Which encoder loaded? (WeSpeaker 256-dim = GOOD, mel-spectral 640-dim = BAD)
Owner profile centroid dimension — does it match the loaded encoder?
If dimensions mismatch: "Voice identity is broken — need to re-enroll"
If mel-spectral fallback: "WeSpeaker model missing or failed to load — voice identity degraded, Fae responds to everyone"
If no owner profile: "No voice enrolled — use the enrollment banner"

2e. Vision Language Model (VLM)

≥32 GB RAM: Shares Qwen3.5-35B-A3B (same as LLM)
16 GB RAM: Separate Qwen3-VL-4B
Purpose: Camera observations, screenshot analysis
Loaded on-demand (first camera/screenshot use)
Check: Have I successfully analyzed any camera or screenshot images?

2f. Keyword Classifier (Barge-in)

Model: 1D-CNN (~200K params, MLX float32)
Purpose: Detects interrupt keywords during playback (5 classes: interrupt/wake/speech/silence/noise)
Check: Can you interrupt me while I'm speaking? If yes, keyword detector works.

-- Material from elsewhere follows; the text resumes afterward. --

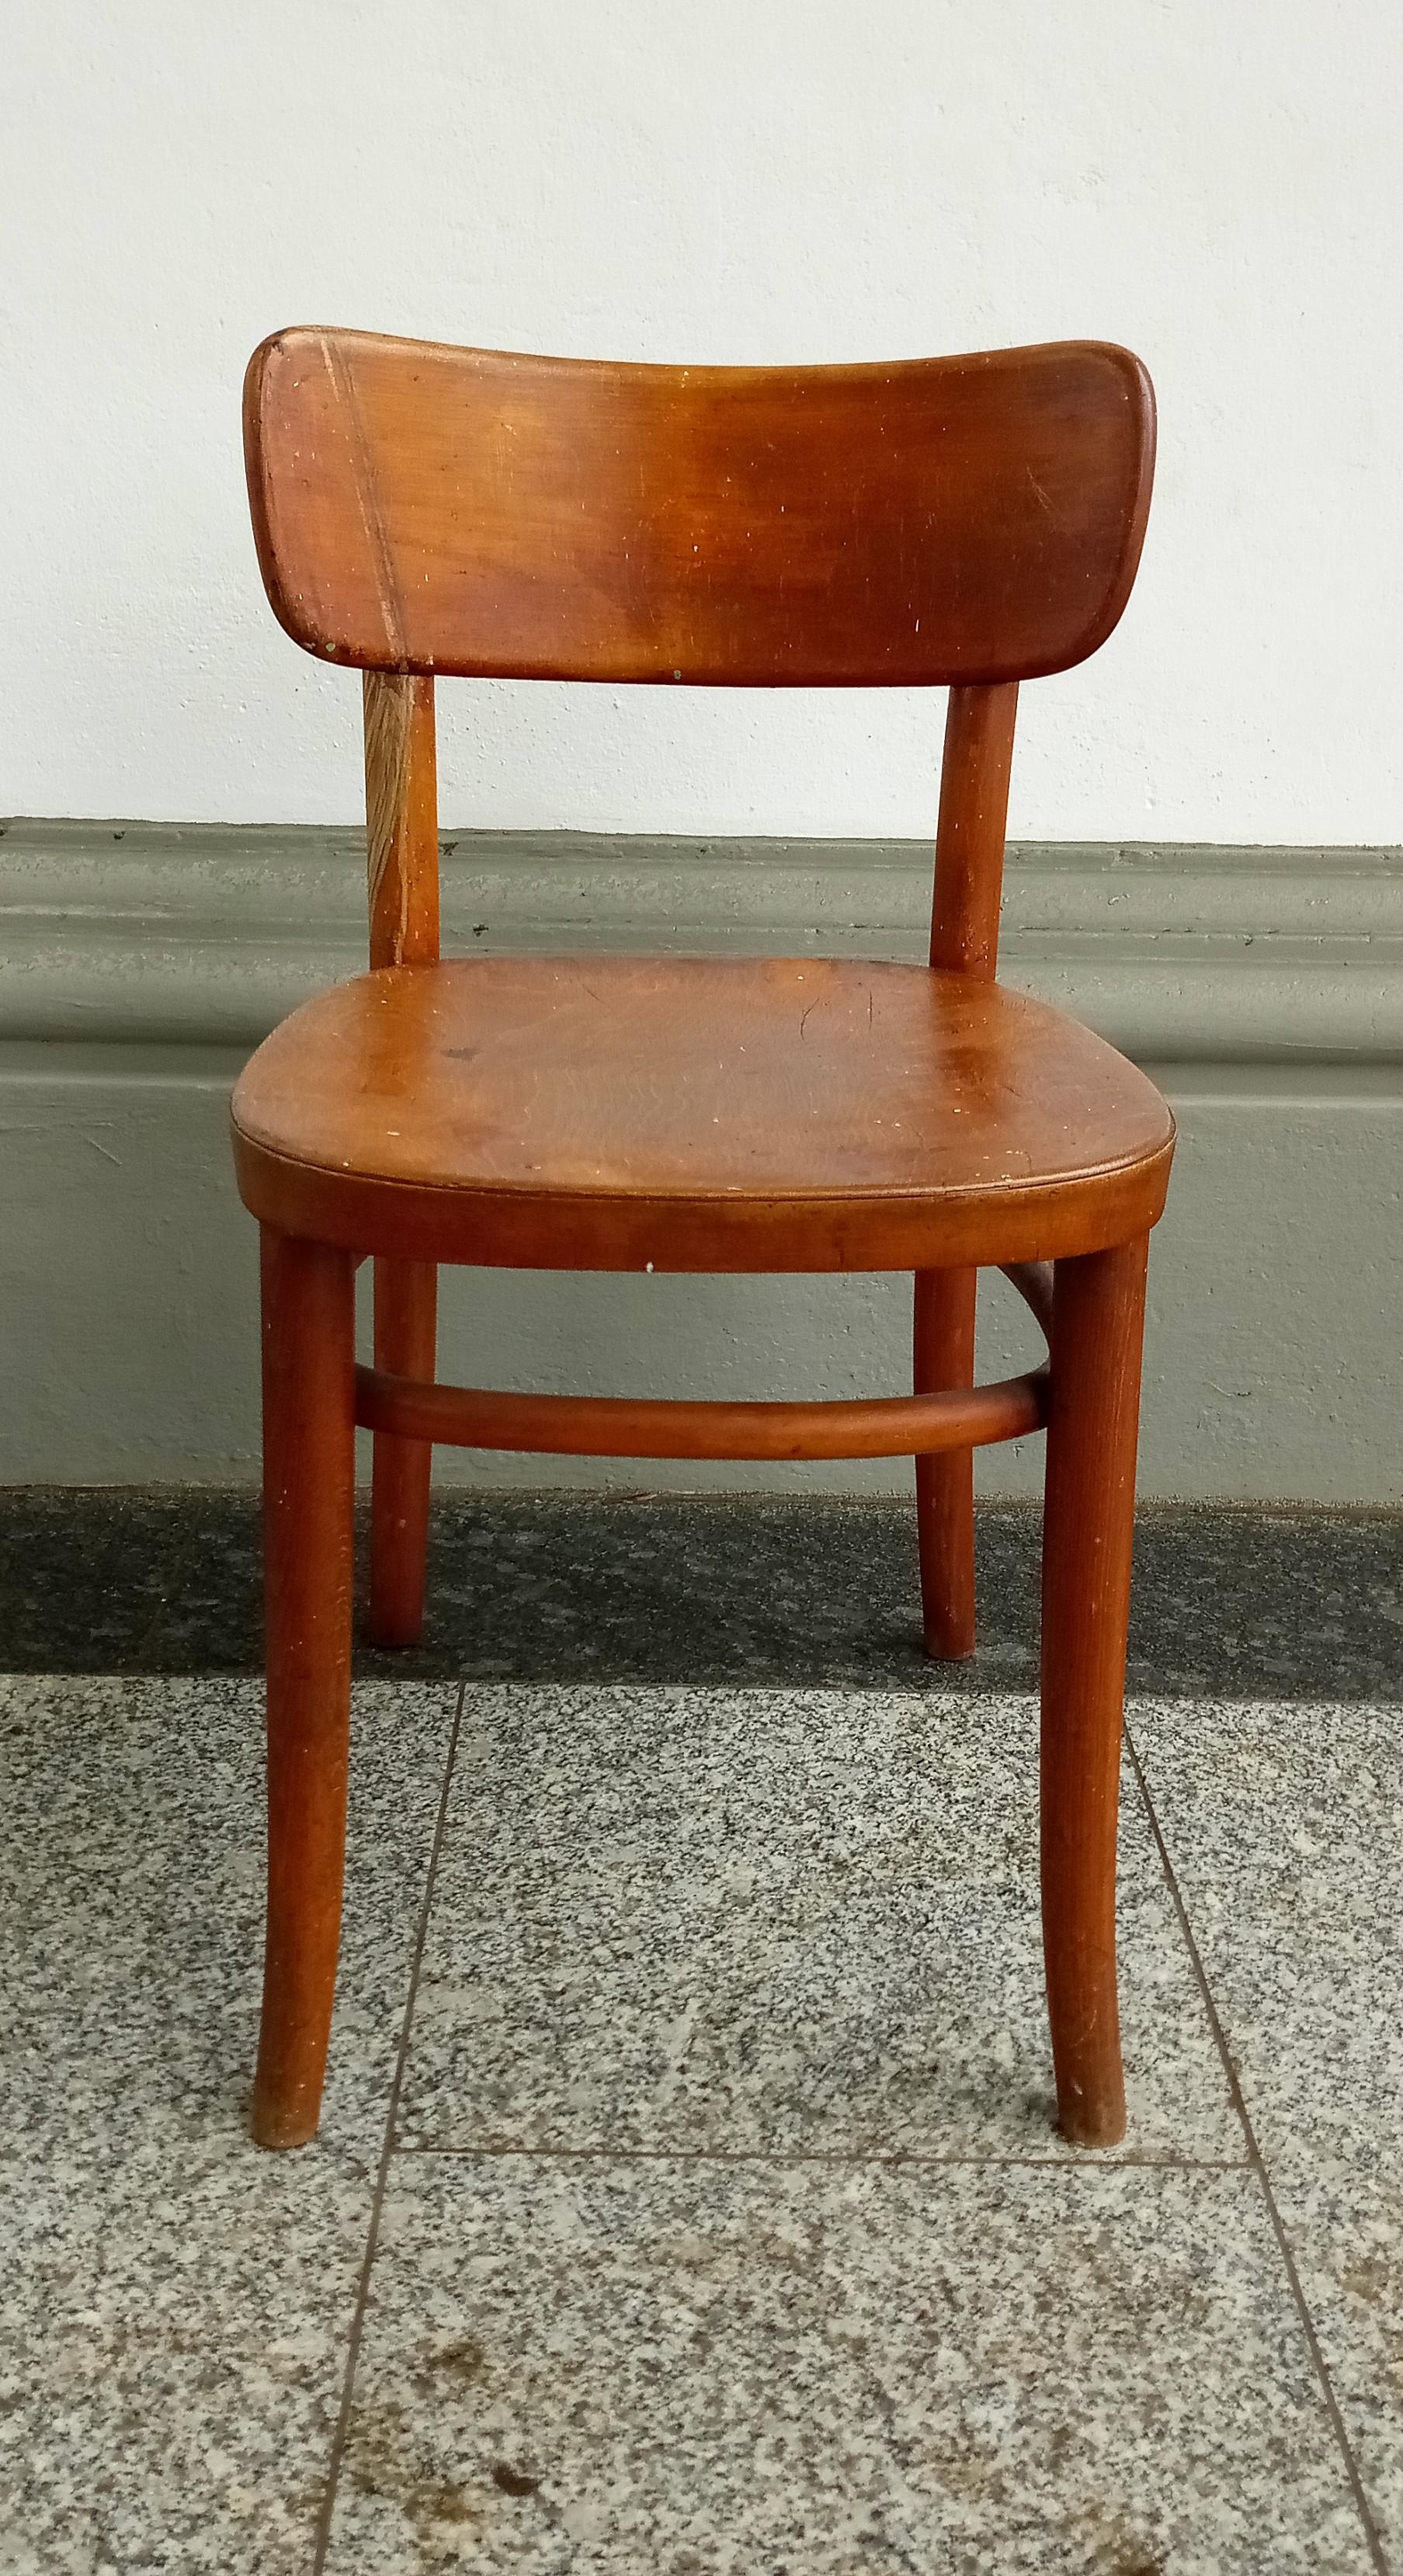 Bentwood Model 234 Chair by Magnus Stephensen for Fritz Hansen, 1920s in used condition with signs of use and age.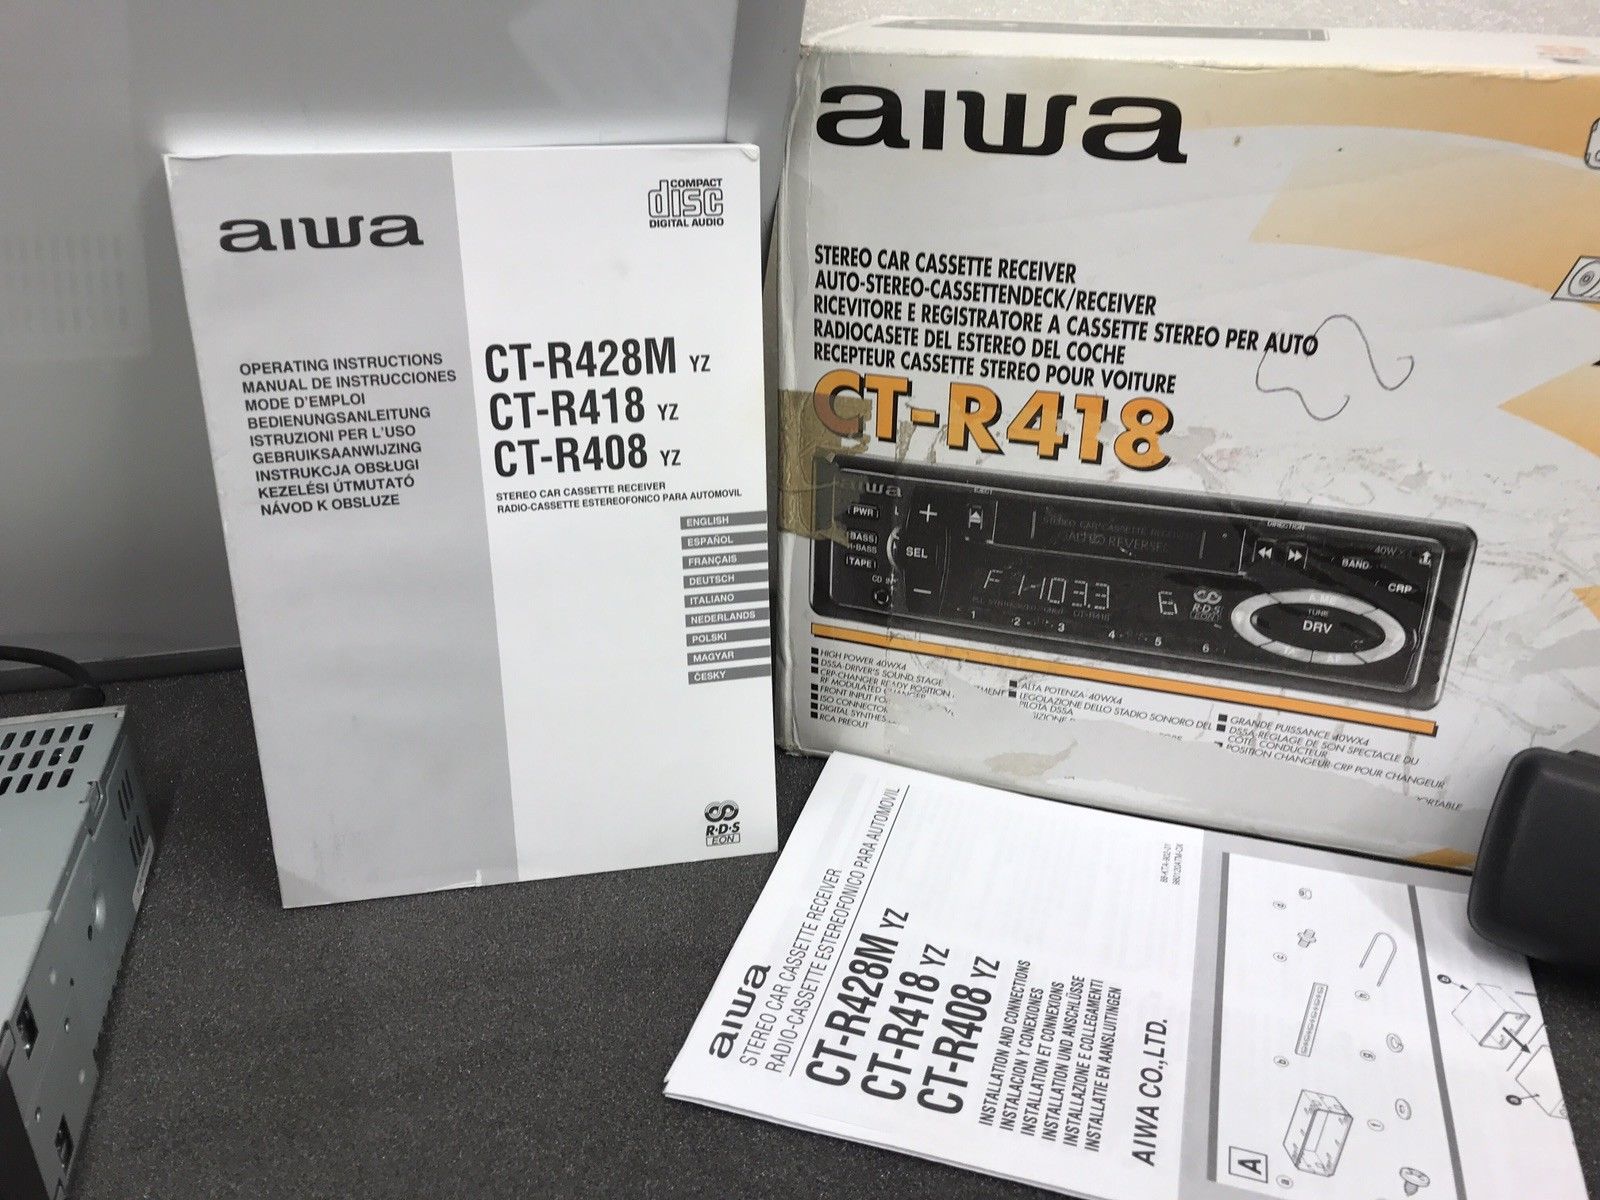 Old Boxed Aiwa Car Radio Stereo Cassette Player With Front Aux In Socket

2g. Embedding Engine (Memory Search)

Model: Hash-384 (MLX)
Purpose: Semantic memory search (ANN vector similarity)
Check: Can I recall relevant memories? If yes, embedding engine works.

2h. SileroVAD (Voice Activity Detection)

Model: Silero VAD (ONNX)
Purpose: Detects speech onset and offset in audio stream
Check: Do I respond when you speak? If yes, VAD is working.

2i. Apple SoundAnalysis Classifier

Model: Apple built-in (303 categories)
Purpose: Rejects music, TV, and non-speech audio before speaker verification
Check: Does Fae ignore TV/music in the background? If yes, classifier is active.

3. Audio Pipeline Configuration

bash "system_profiler SPAudioDataType 2>/dev/null | head -20"

Report:

Input device (which microphone)
Sample rate (should be 16 kHz after downsampling)

Check and report:

Apple Voice Processing: Enabled or disabled? (Release builds = ON for noise suppression + AGC + AEC)
macOS Voice Isolation: Is system mic mode set to "Voice Isolation"? (User controls via Control Center)
Software noise gate: Active at 0.008 RMS floor
Echo suppressor: Time-based (800ms) + text-overlap + fae_self voiceprint
Voiced detection threshold: Floor at 0.008 (was 0.02 — check version)

4. Speaker Profile Status

Use voice_identity check_status to review:

Is a primary user enrolled?
How many profiles exist? (owner, fae_self, guests)
Embedding dimensions for each profile
Consistency score
Any dimension mismatches with current encoder?

5. Scheduler & Awareness

scheduler_list

Report:

Are camera presence checks running?
Are screen activity checks running?
Is overnight research enabled?
Is enhanced morning briefing enabled?
Any tasks in error state?

6. Memory Health

Report from context:

Approximate record count
Last digest time
Entity graph status (persons/orgs/locations)
Is embedding backfill complete?

7. Security & Permissions

bash "tail -10 ~/Library/Application\\ Support/fae/security-events.jsonl 2>/dev/null || echo 'No security log'"

Report: Recent security events. Flag any errors.

Check macOS permissions:

Microphone access
Camera access
Screen Recording
Accessibility (for computer use tools)

8. Summary Report

Structure your spoken summary as:

"Here's my full diagnostic report:"

Machine: [model, chip, RAM]
Models loaded: List each with status (✓ loaded / ⚠ fallback / ✗ missing)
- STT: [status]
- LLM: [model name, context size]
- TTS: [status, voice]
- Speaker: [encoder type, dimension] — flag if mel-spectral
- VLM: [status]
- VAD: [status]
- Keyword: [status]
- Embedding: [status]
Audio: [VP on/off, Voice Isolation on/off, noise gate active]
Voice identity: [owner enrolled, profile health, dimension match]
Issues found: List each with severity and fix
Recommendations: What the user should do

Common Fixes to Suggest

Issue	Fix
Mel-spectral fallback	"WeSpeaker model not loading — update to latest version or reinstall"
Dimension mismatch	"Re-enroll your voice — tap the enrollment banner"
No owner profile	"I need to learn your voice — tap 'Let me get to know you'"
Low disk space	"Free up disk space — I need room for model downloads"
Voice Isolation off	"Switch to Voice Isolation in Control Center for cleaner audio"
VP disabled (dev mode)	"You're in dev mode — Voice Processing is disabled for testing"
Stale scheduler tasks	"Some background tasks haven't run — try restarting me"

End with: "That's the full picture. Let me know if you want me to dig deeper into anything."